So far, we've discussed some of the elements required to create a CNN. The next subject of discussion should be how we go about combining these components to create capable convolutional nets as well as which combinations of components can work well. We'll draw guidance from a number of forerunning convnet implementations as we build an understanding of what is commonly done as well as what is possible.

Probably the best-known convolutional network implementation is Yann LeCun's LeNet. LeNet has gone through several iterations since LeNet-1 in late 1980, but has been increasingly effective at performing tasks including handwritten digit and image classification. LeNet is structured using alternating convolution and pooling layers capped by an MLP, as follows:

Putting it all together

Each layer is partially-connected, as we discussed earlier, with the MLP being a fully connected layer. At each layer, multiple feature maps (channels) are employed; this gives us the advantage of being able to create more complex sets of filters. As we'll see, using multiple channels within a layer is a powerful technique employed in advanced use cases.

It's common to use max-pooling layers to reduce the dimensionality of the output to match the input as well as generally manage output volumes. How pooling is implemented, particularly in regard to the relative position of convolutional and pooling layers, is an element that tends to vary between implementations. It's generally common to develop a layer as a set of operations that feed into, and are fed into, a single Fully Connected layer, as shown in the following example:

Putting it all together

While this network structure wouldn't work in practice, it's a helpful illustration of the fact that a network can be constructed from the components you've learned about in a number of ways. How this network is structured and how complex it becomes should be motivated by the challenge the network is intended to solve.

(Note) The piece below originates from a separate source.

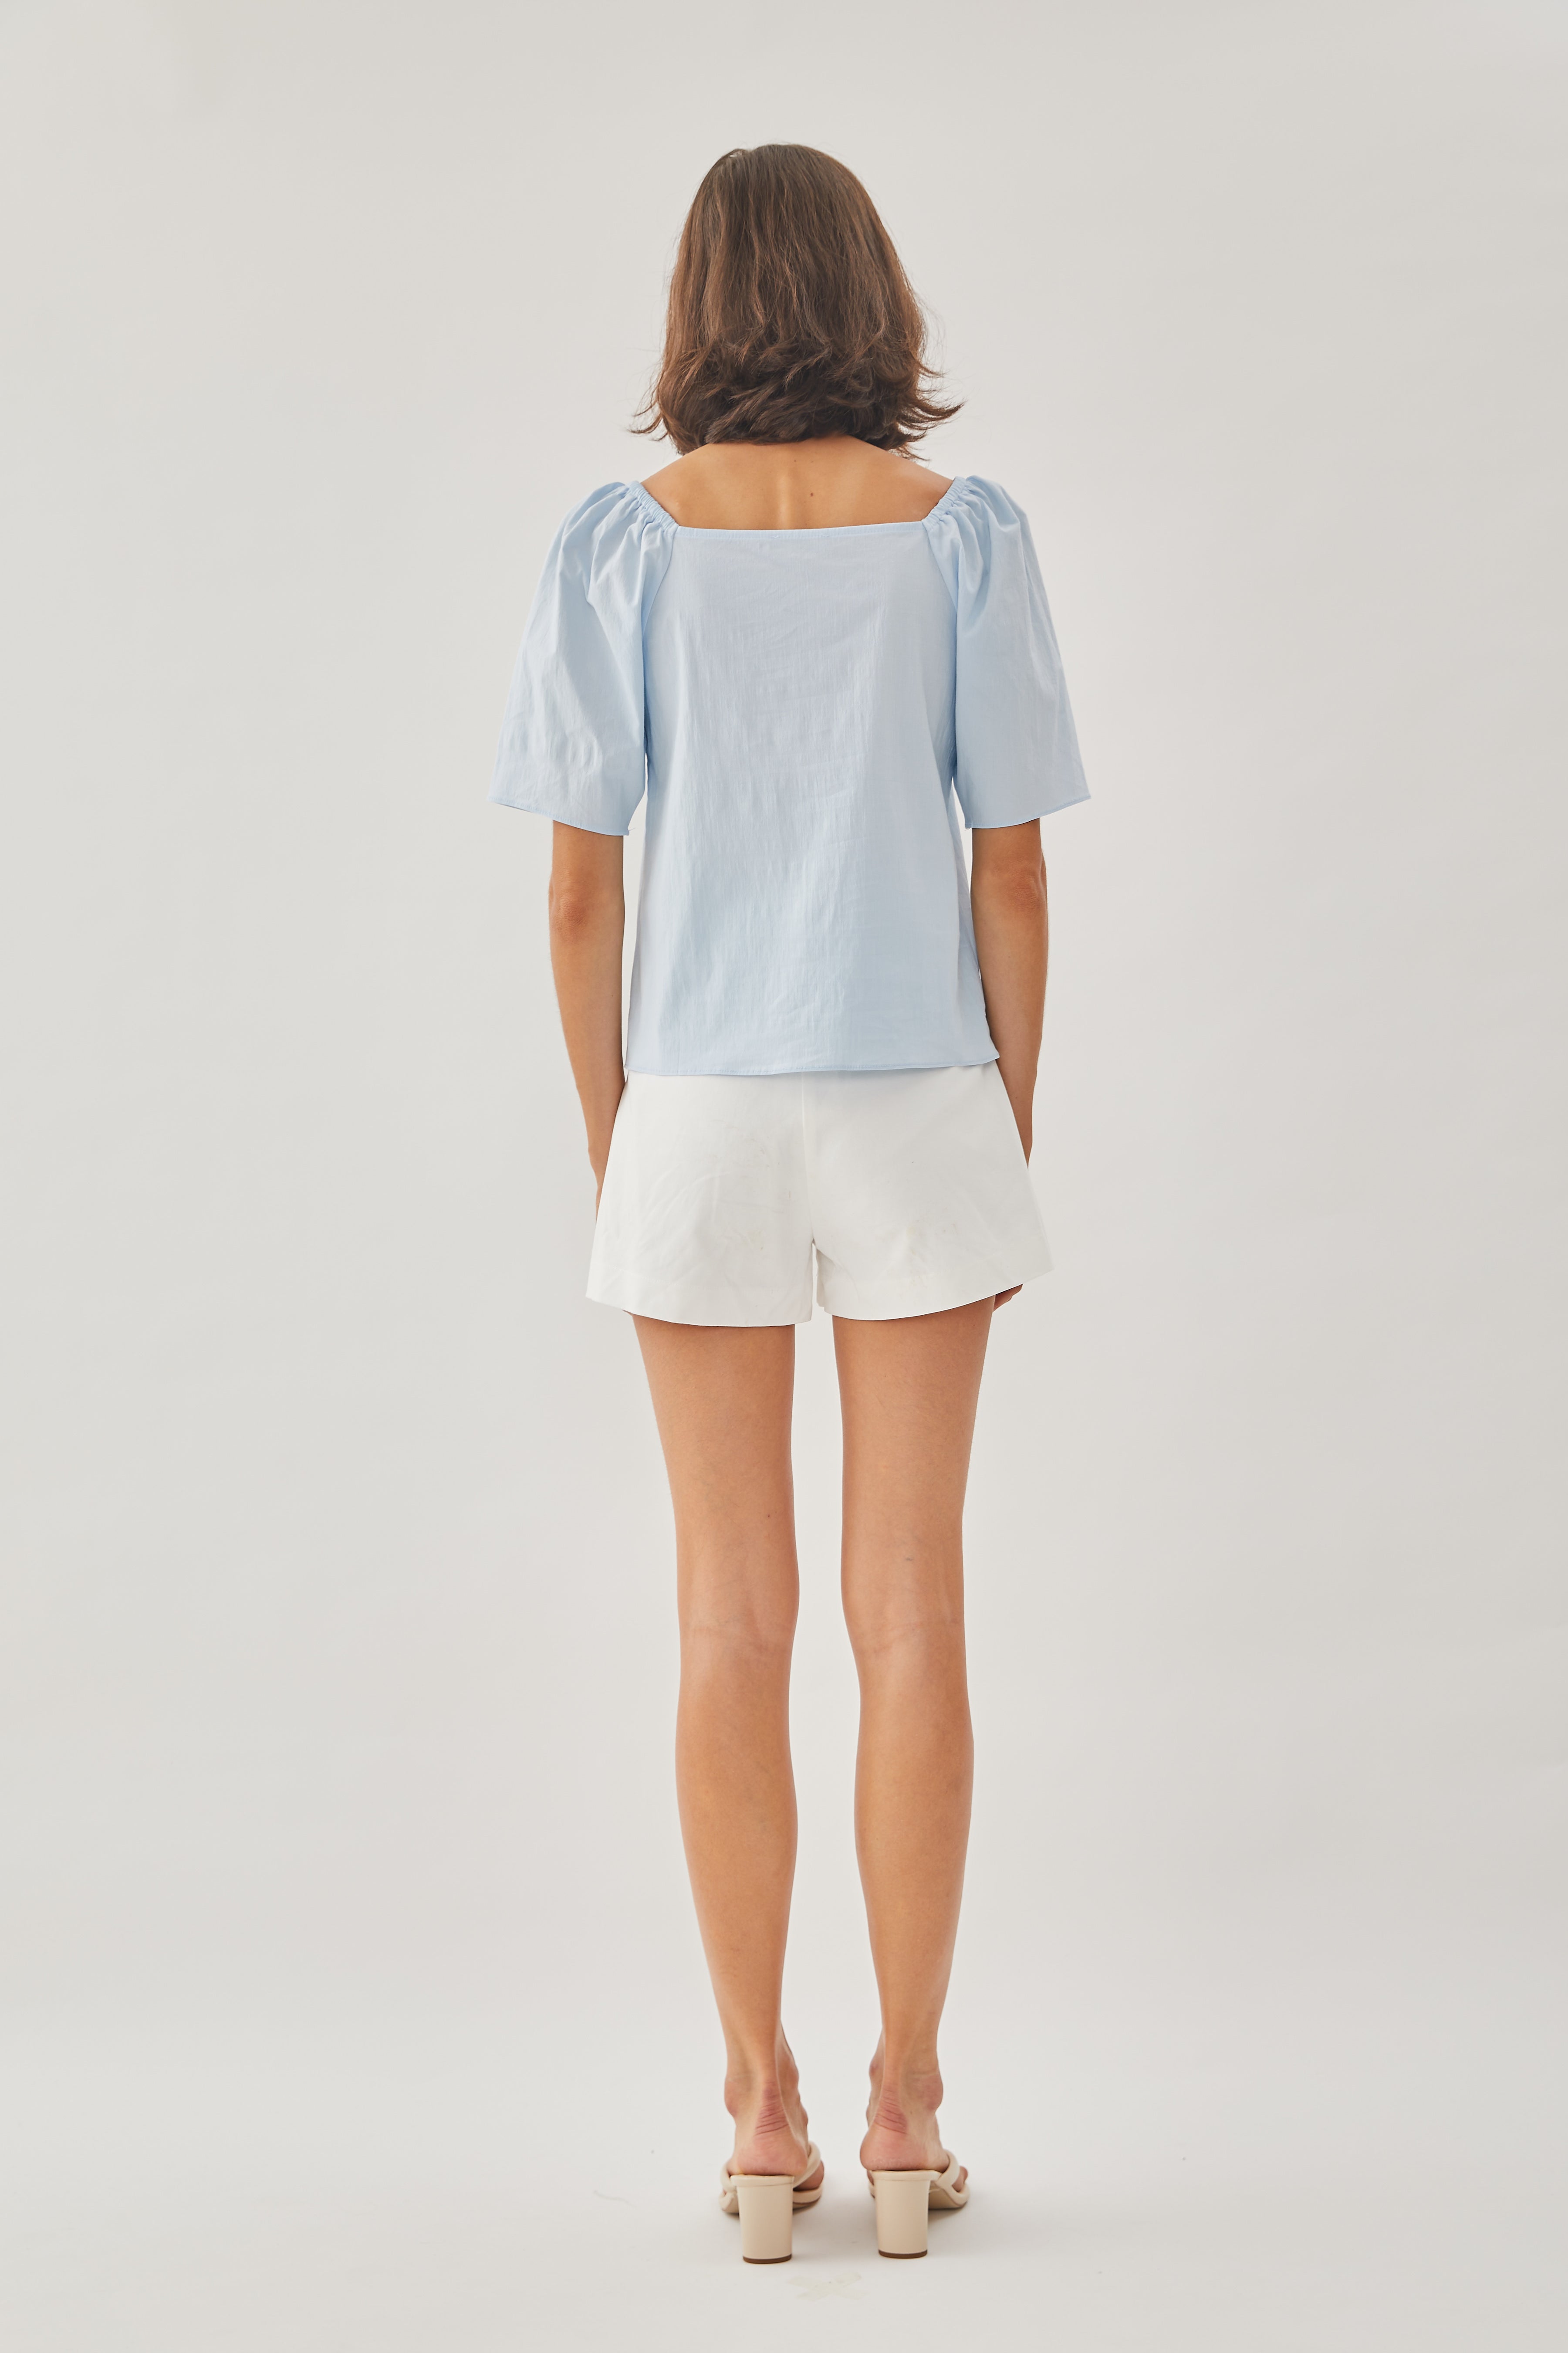 Cotton Blend Puffed Sleeved Top in Sky

Different problems can call for very different solutions.

In the case of the LeNet implementation that we'll be working with later in this chapter, each layer contains multiple convolutional layers in parallel with a max-pooling layer following each. Diagrammatically, a LeNet layer looks like the following image:

Putting it all together

This architecture will enable us to start looking at some initial use cases quickly and easily, but in general won't perform well for some of the state-of-the-art applications we'll run into later in this book. Given this fact, there are some more extensive deep learning architectures designed to tackle the most challenging problems, whose topologies are worth discussing. One of the best-known convnet architectures is Google's Inception network, now more commonly known as GoogLeNet.

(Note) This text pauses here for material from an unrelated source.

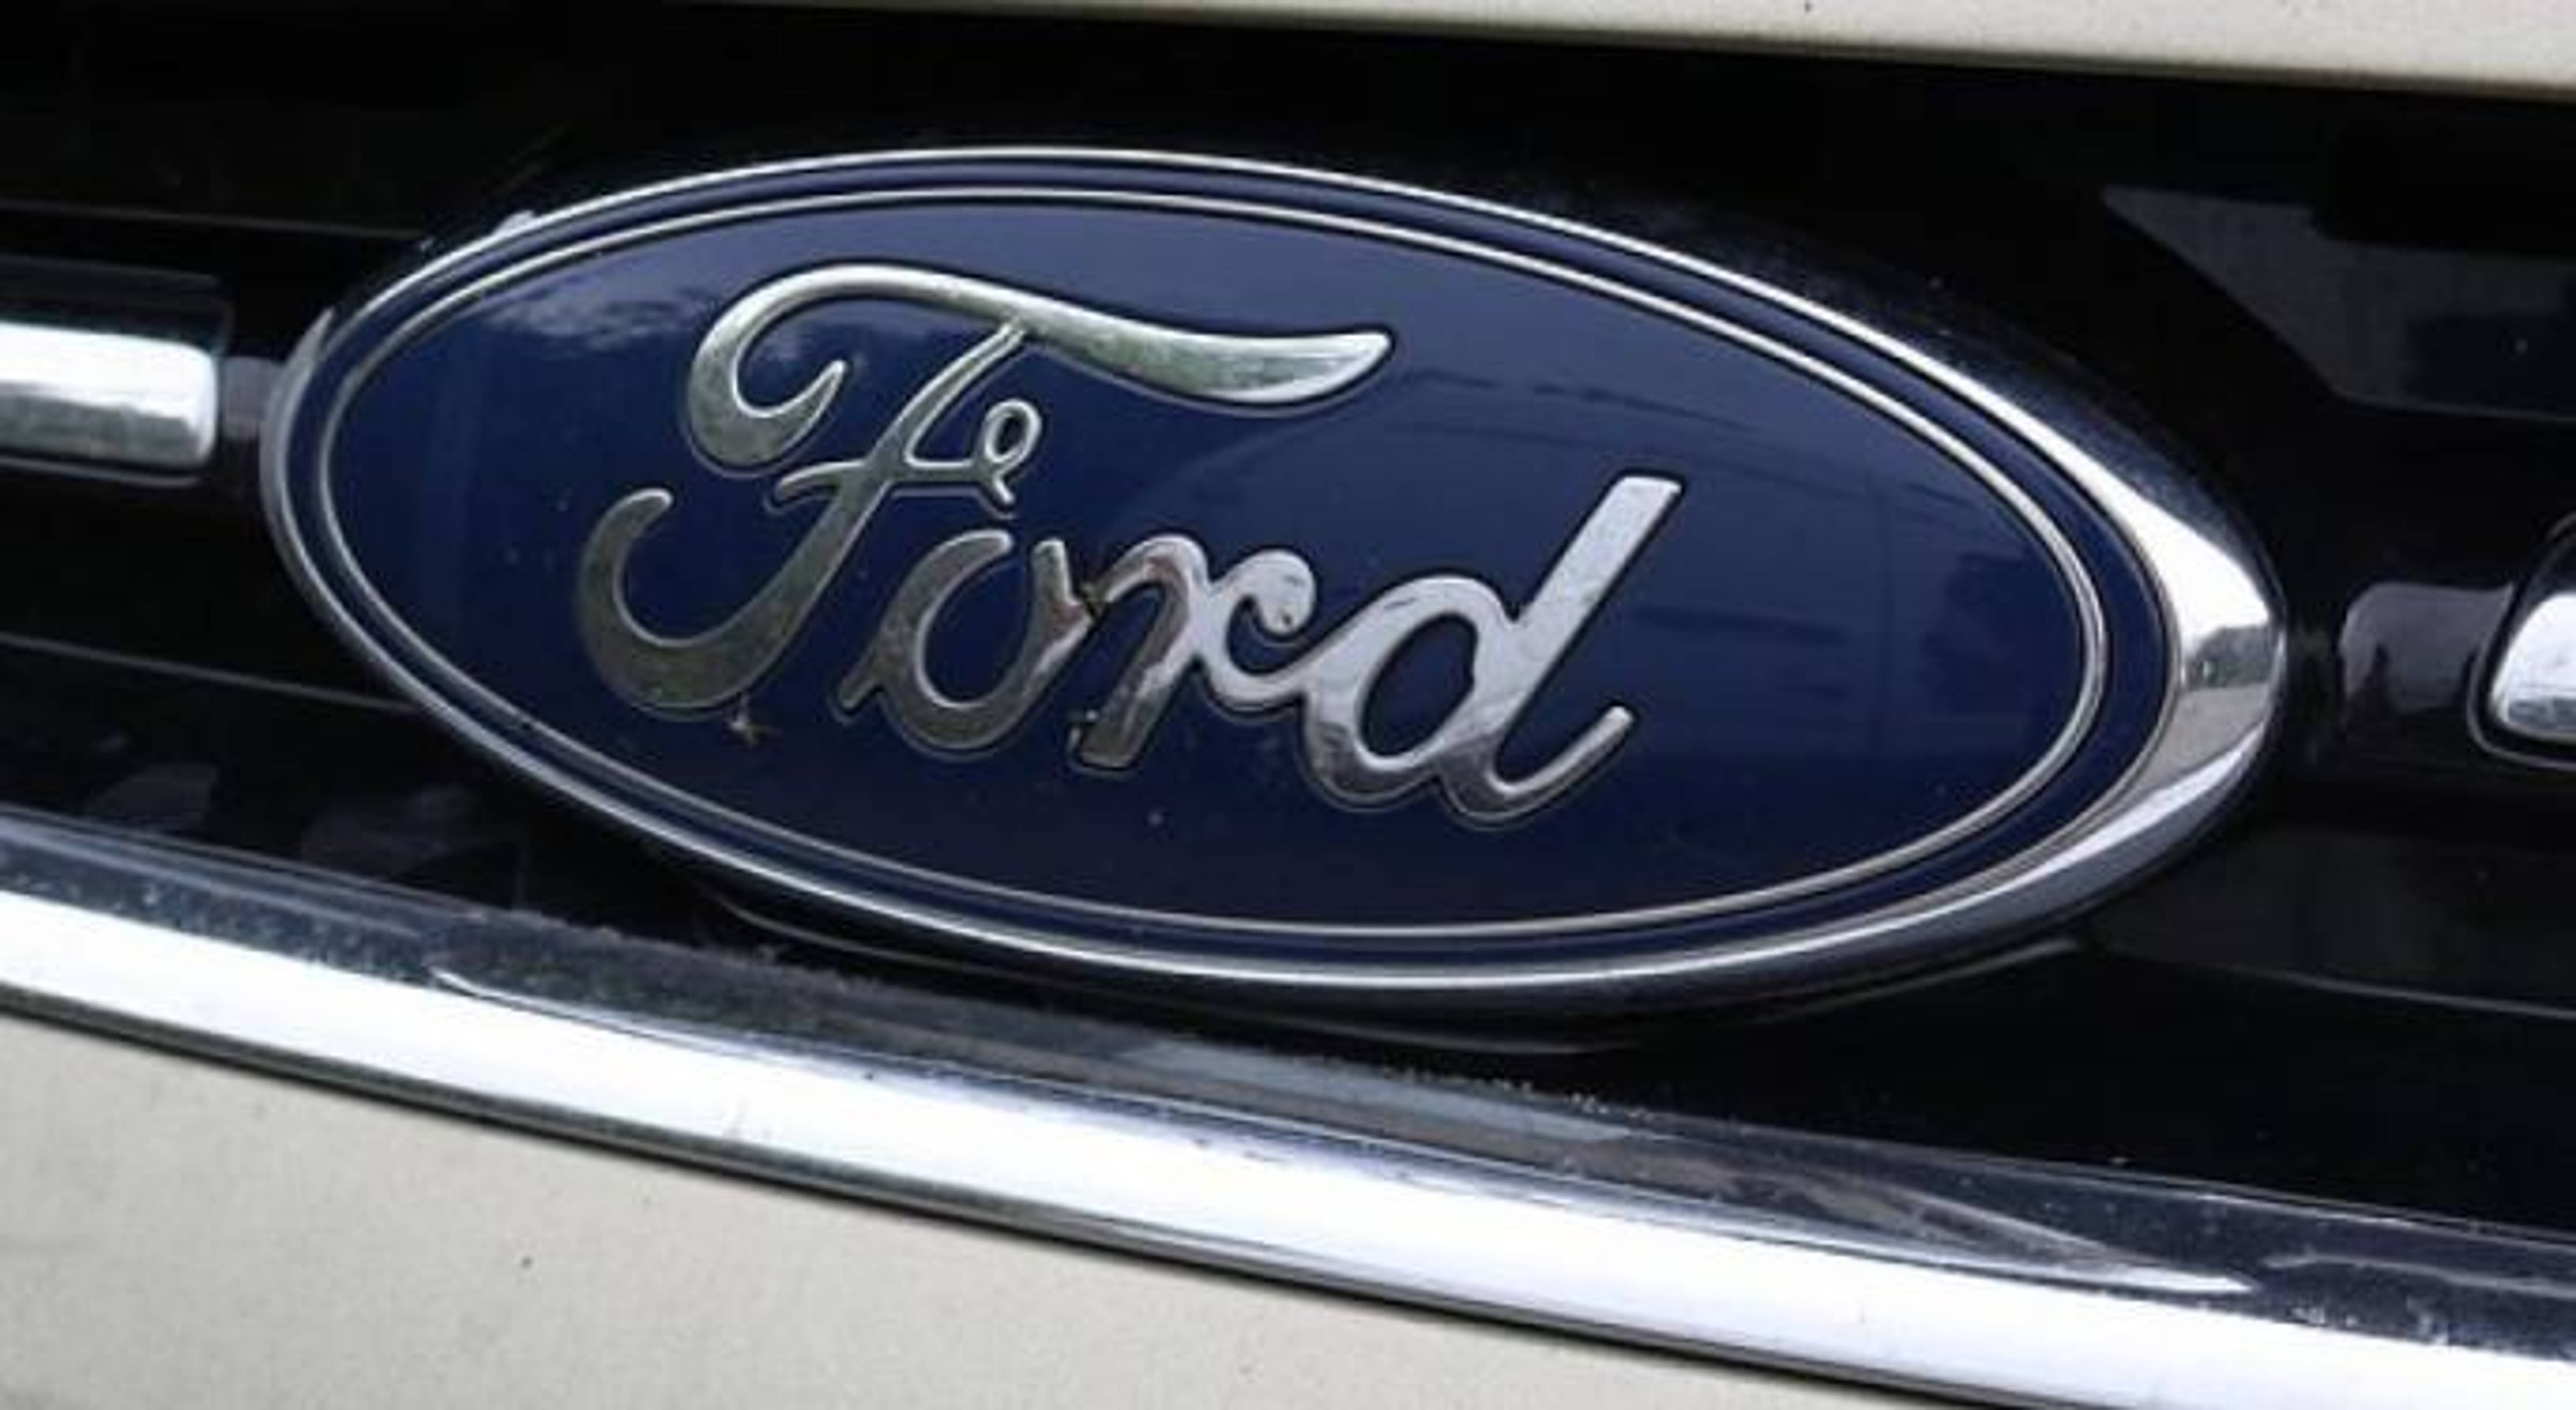 Why Is This Ford Analyst Downgrading The Stock?

GoogLeNet was designed to tackle computer vision challenges involving Internet-quality image data, that is, images that have been captured in real contexts where the pose, lighting, occlusion, and clutter of images vary significantly. GoogLeNet was applied to the 2014 ImageNet challenge with noteworthy success, achieving only 6.7% error rate on the test dataset. ImageNet images are small, high-granularity images taken from many, varied classes. Multiple classes may appear very similar (such as varieties of tree) and the network architecture must be able to find increasingly challenging class distinctions to succeed. For a concrete example, consider the following ImageNet image:

Putting it all together

Given the demands of this problem, the GoogLeNet architecture used to win ImageNet 14 departs from the LeNet model in several key ways. GoogLeNet's basic layer design is known as the Inception module and is made up of the following components:

Putting it all together

The 1 x 1 convolutional layers used here are followed by Rectified Linear Units (ReLU). This approach is heavily used in speech and audio modeling contexts as ReLU can be used to effectively train deep models without pretraining and without facing some of the gradient vanishing problems that challenge other activation types. More information on ReLU is provided in the Further reading section of this chapter. The DepthConcat element provides a concatenation function, which consolidates the outputs of multiple units and substantially improves training time.

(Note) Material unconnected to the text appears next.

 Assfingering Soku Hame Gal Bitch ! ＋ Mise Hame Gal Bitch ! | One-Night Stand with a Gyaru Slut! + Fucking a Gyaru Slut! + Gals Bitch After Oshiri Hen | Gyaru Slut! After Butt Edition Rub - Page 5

GoogLeNet chains layers of this type to create a full network. Indeed, the repetition of inception modules through GoogLeNet (nine times!) suggests that Network In Network (NIN) (deep architectures created from chained network modules) approaches are going to continue to be a serious contender in deep learning circles. The paper describing GoogLeNet and demonstrating how inception models were integrated into the network is provided in the Further reading section of this chapter.

Beyond the regularity of Inception module stacking, GoogLeNet has a few further surprises to throw at us. The first few layers are typically more straightforward with single-channel convolutional and max-pooling layers used at first. Additionally, at several points, GoogLeNet introduced a branch off the main structure using an average-pool layer, feeding into auxiliary softmax classifiers. The purpose of these classifiers was to improve the gradient signal that gets propagated back in lower layers of the network, enabling stronger performance at the early and middle network layers. Instead of one huge and potentially vague backpropagation process stemming from the final layer of the network, GoogLeNet instead has several intermediary update sources.

What's really important to take from this implementation is that GoogLeNet and other top convnet architectures are mainly successful because they are able to find effective configurations using the highly available components that we've discussed in this chapter. Now that we've had a chance to discuss the architecture and components of a convolutional net and the opportunity to discuss how these components are used to construct some highly advanced networks, it's time to apply the techniques to solve a problem of our own!

Applying a CNN

We'll be working with image data to try out our convnet. The image data that we worked with in earlier chapters, including the MNIST digit dataset, was a useful training dataset (with many valuable real-world applications such as automated check reading!). However, it differs from almost all photographic or video data in an important way; most visual data is highly noisy.

Problem variables can include pose, lighting, occlusion, and clutter, which may be expressed independently or in conjunction in huge variety. This means that the task of creating a function that is invariant to all properties of noise in the dataset is challenging; the function is typically very complex and nonlinear. In Chapter 7, Feature Engineering Part II, we'll discuss how techniques such as whitening can help mitigate some of these challenges, but as we'll see, even such techniques by themselves are insufficient to yield good classification (at least, without a very large investment of time!). By far, the most efficient solution to the problem of noise in image data, as we've already seen in multiple contexts, is to use a deep architecture rather than a broad one (that is, a neural network with few, high-dimensional layers, which is vulnerable to problematic overfitting and generalizability problems).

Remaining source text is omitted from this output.